Del Ponte would didn't take the advice of others Nice
reacted to parts of the book in which Hartmann writes: "When Milosevic
was removed from power in October 2000, the OTP barely had any proof
regarding his involvement in crimes committed in Croatia and BIH due to
internal and external obstructions. Srebrenica and Sarajevo in the end
were entered into the indictment but as the Milosevic trial dragged on,
Geoffrey Nice, on a number of occasions as of October 2002 requested
that those charges be dropped due to a lack of time and evidence." Nice
replies that had Hartmann asked him about it he would have responded as
follows:
"A brief history of the part of the indictment
pertaining to Sarajevo and Srebrenica is as follows. Upon assuming my
post in November 2001, I was faced with the inconsistent opinions of the
status of Sarajevo and Srebrenica in the indictment amongst the lawyers,
the investigators and analysts who were preparing the part of the trial
for BiH. One of the reasons for this state of unrest was that Mrs. Del
Ponte insisted that Milosevic be charged for crimes in Srebrenica and
Sarajevo contrary to the advice of lawyers who felt they had
insufficient evidence at the time the indictment was put together.

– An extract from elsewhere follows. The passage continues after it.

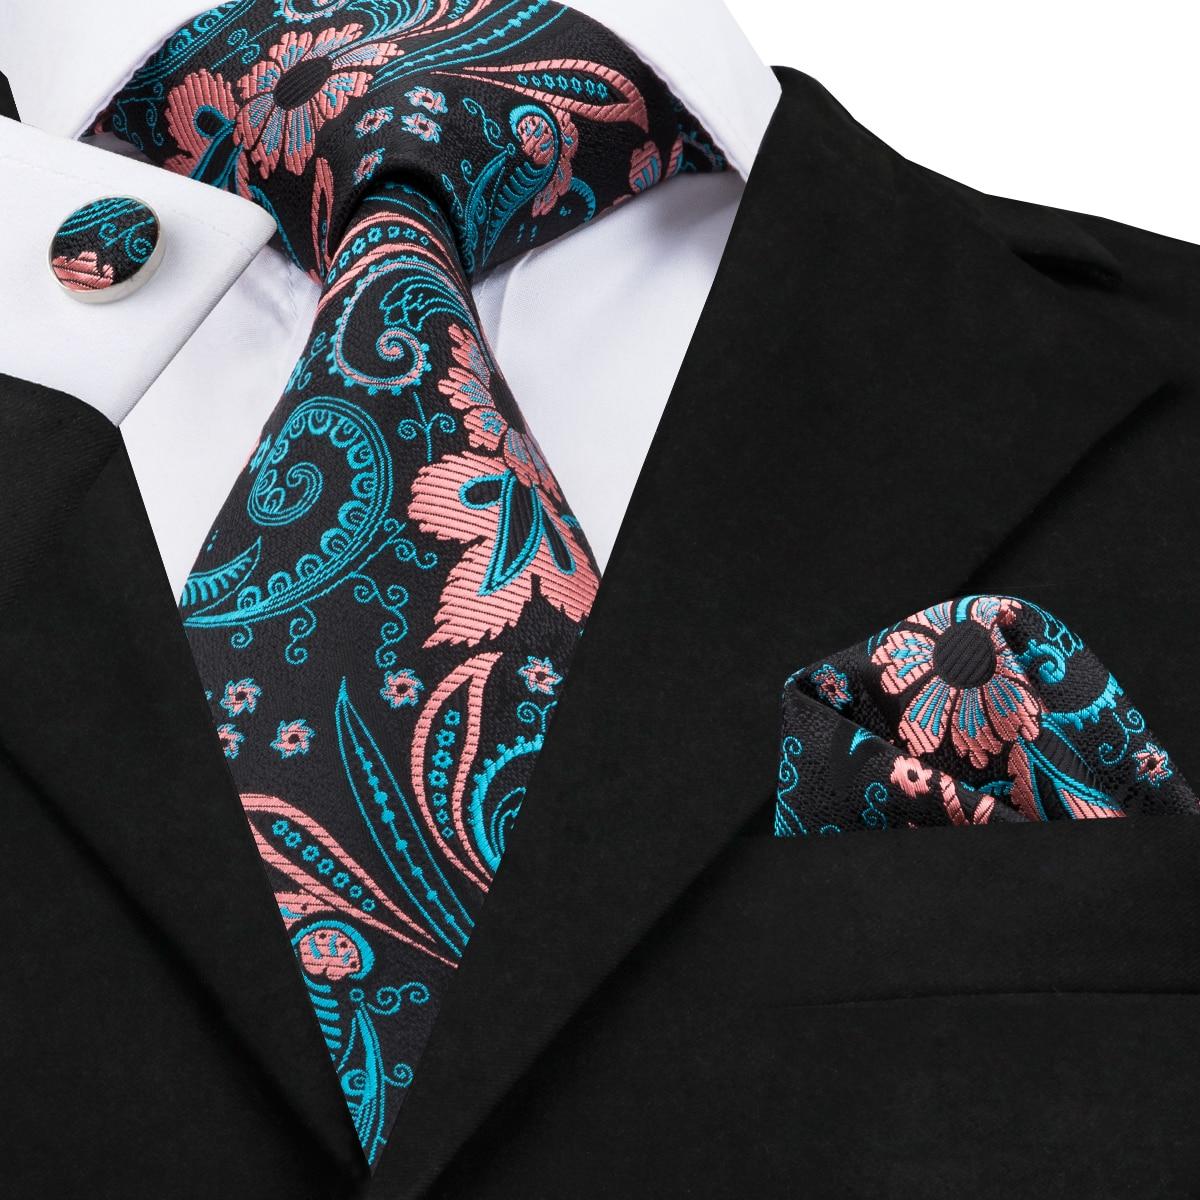 C-1689 Hi-Tie Autumn Design Paisley Ties For Men Black Blue Gravatas Necktie Hanky Cufflinks 100% Silk Jacquard Woven Corbatas
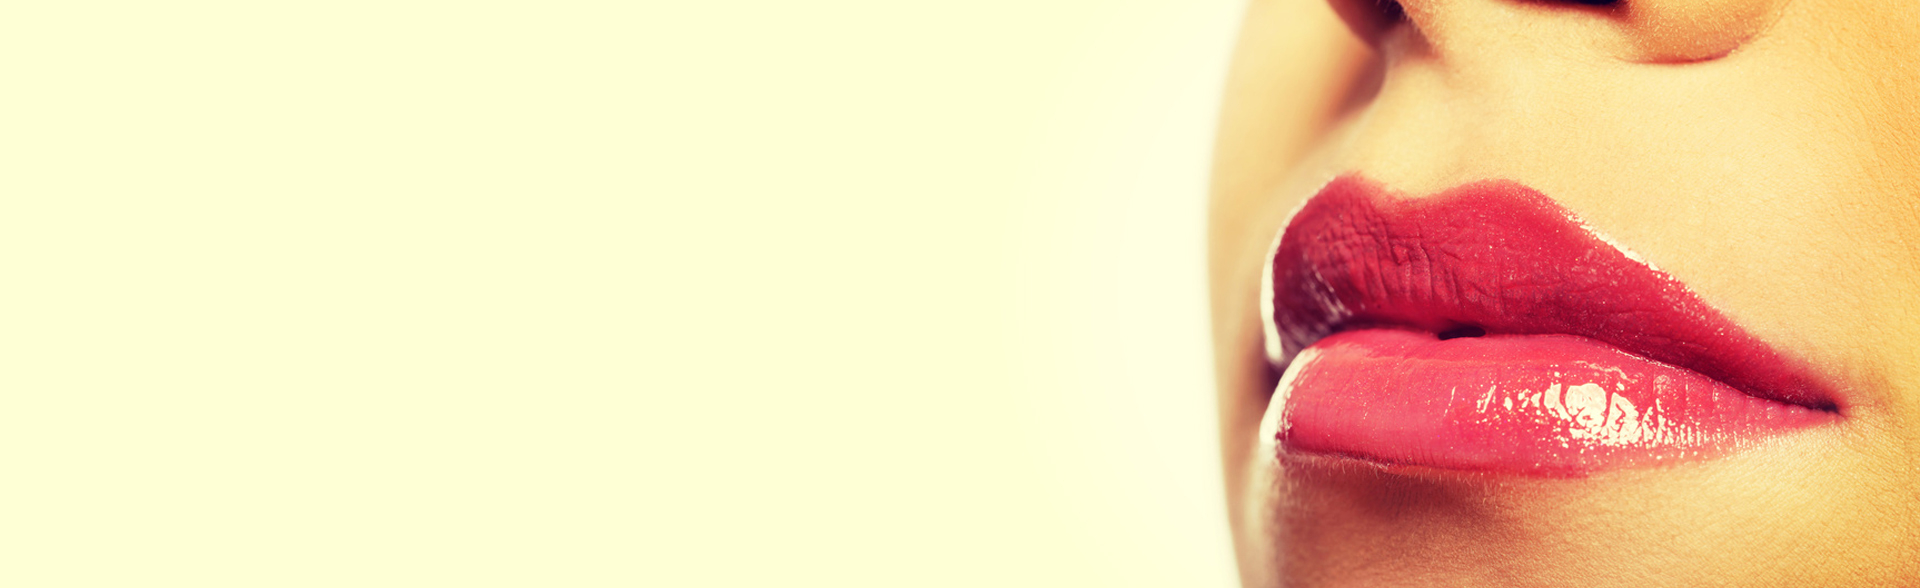 Modelowanie ust beauty center

However, the judge had already approved the indictment. I decided we
should conduct a detailed analysis of the current evidence for Sarajevo
and Srebrenica and then decide how to proceed. The analysis and search
for additional evidence was undertaken immediately after my arrival as
we expected part of the trial for crimes committed in BIH to begin at
the end of 2002. The process of analyzing the evidence was conducted
simultaneously with our consultations with investigators, analysts and
lawyers. This method of approach opened new avenues for the
investigation and the identification of numerous new items of evidence.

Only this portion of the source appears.